Posted by Andy Osborne in Exercising and testing , Business Continuity Management

Andy Osborne

By Andy Osborne, Consultancy Director at Acumen

It's fairly standard practice to hold some form of debrief at the end of an exercise or test, which is a very sensible thing to do. It helps to ensure that any issues and actions arising are captured and it's a good way to obtain feedback from the participants on how they thought things went. But some debriefs are a bit on the, well, brief side. Because it comes at the end of what can sometimes be a lengthy or challenging, sometimes stressful, session, it can be all too easy to make the debrief too brief. There can be a temptation to let people "get away" so that they can return to their day jobs. But the danger is that, once they do so, all the good stuff that the exercise teased out will be forgotten within a couple of weeks or, at best, vaguely remembered but not given the attention it deserves.

That's not to suggest that the debrief should be overly lengthy, just that sufficient time should be allowed  to ensure that everything that needs to be captured is, so that a follow-up action plan can be agreed.

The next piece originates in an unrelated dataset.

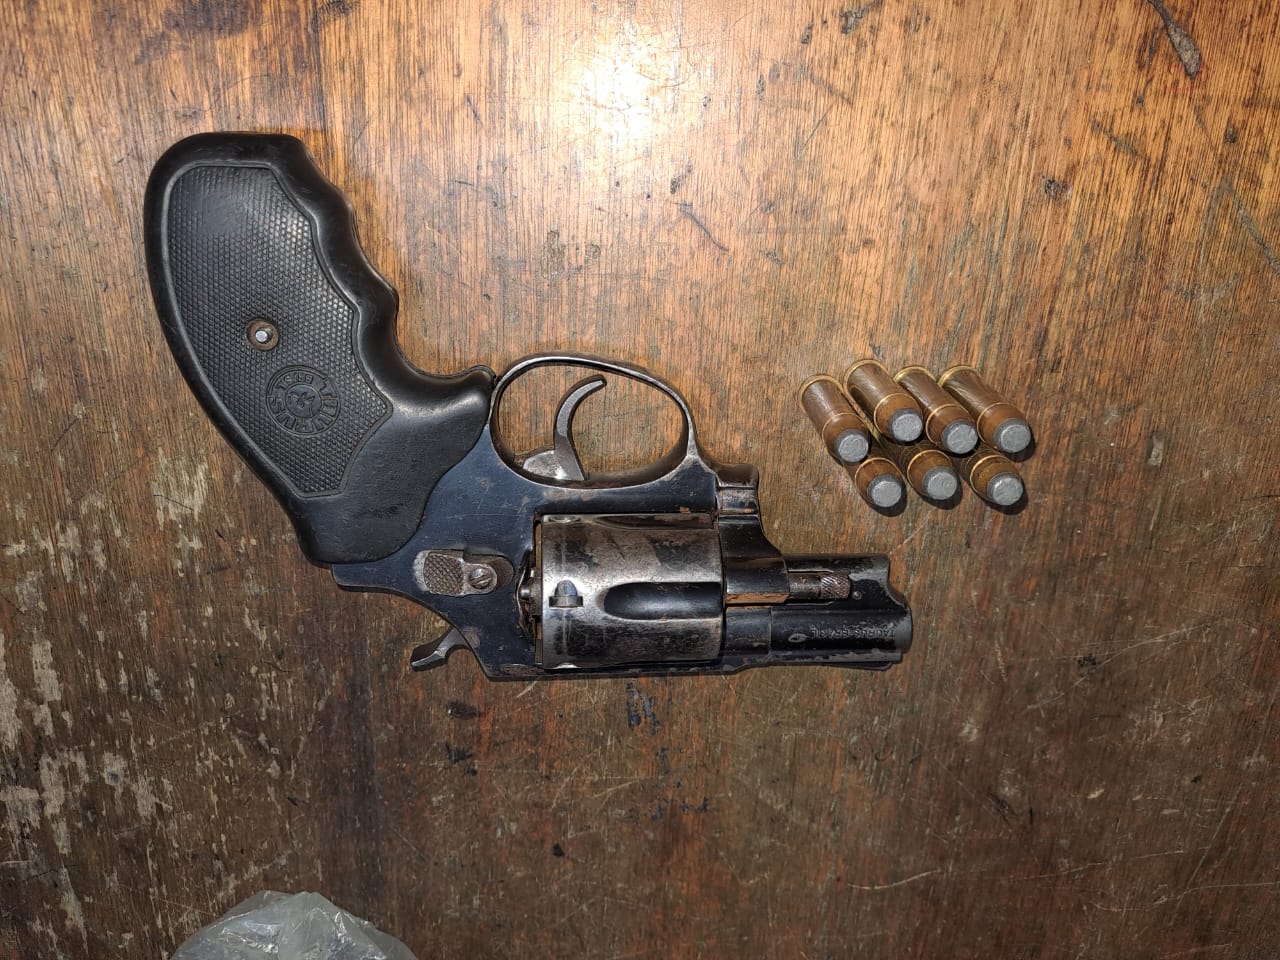 Three suspects arrested for unlawful possession of firearms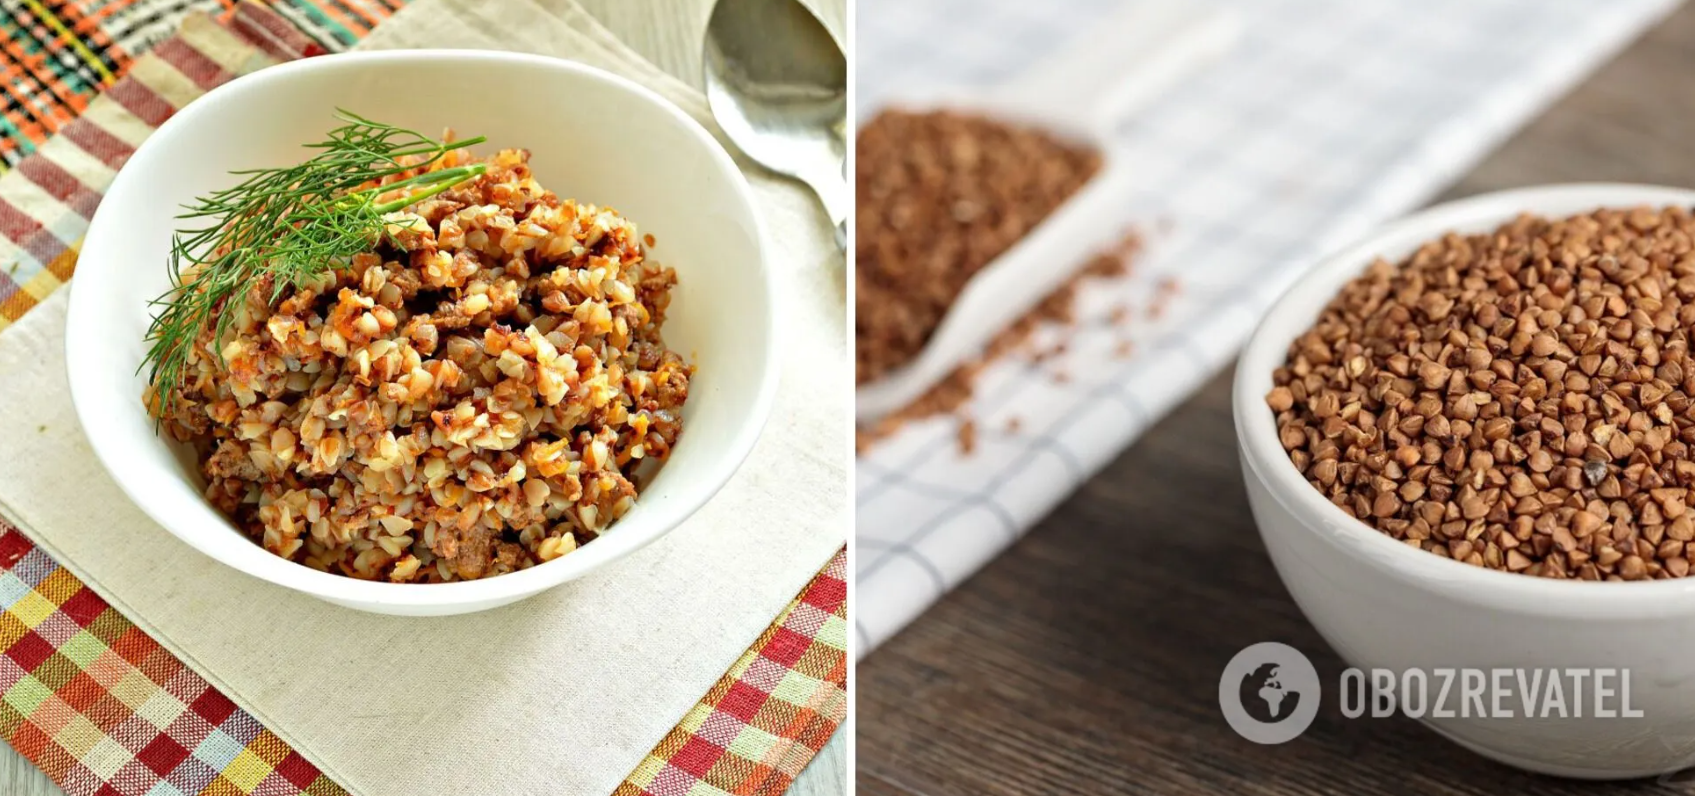 What to cook with buckwheat

And, whilst it may seem like a bit of a luxury, it can be very beneficial to hold two debriefs - a "hot" debrief immediately after the exercise or test and a second, "cold" debrief a couple of weeks later, after the proverbial dust has settled. Go on, be honest, how brief are your debriefs? And how many do you do? If you don't already do so, why not give the double-debrief a try after your next exercise or test and see what the results are like?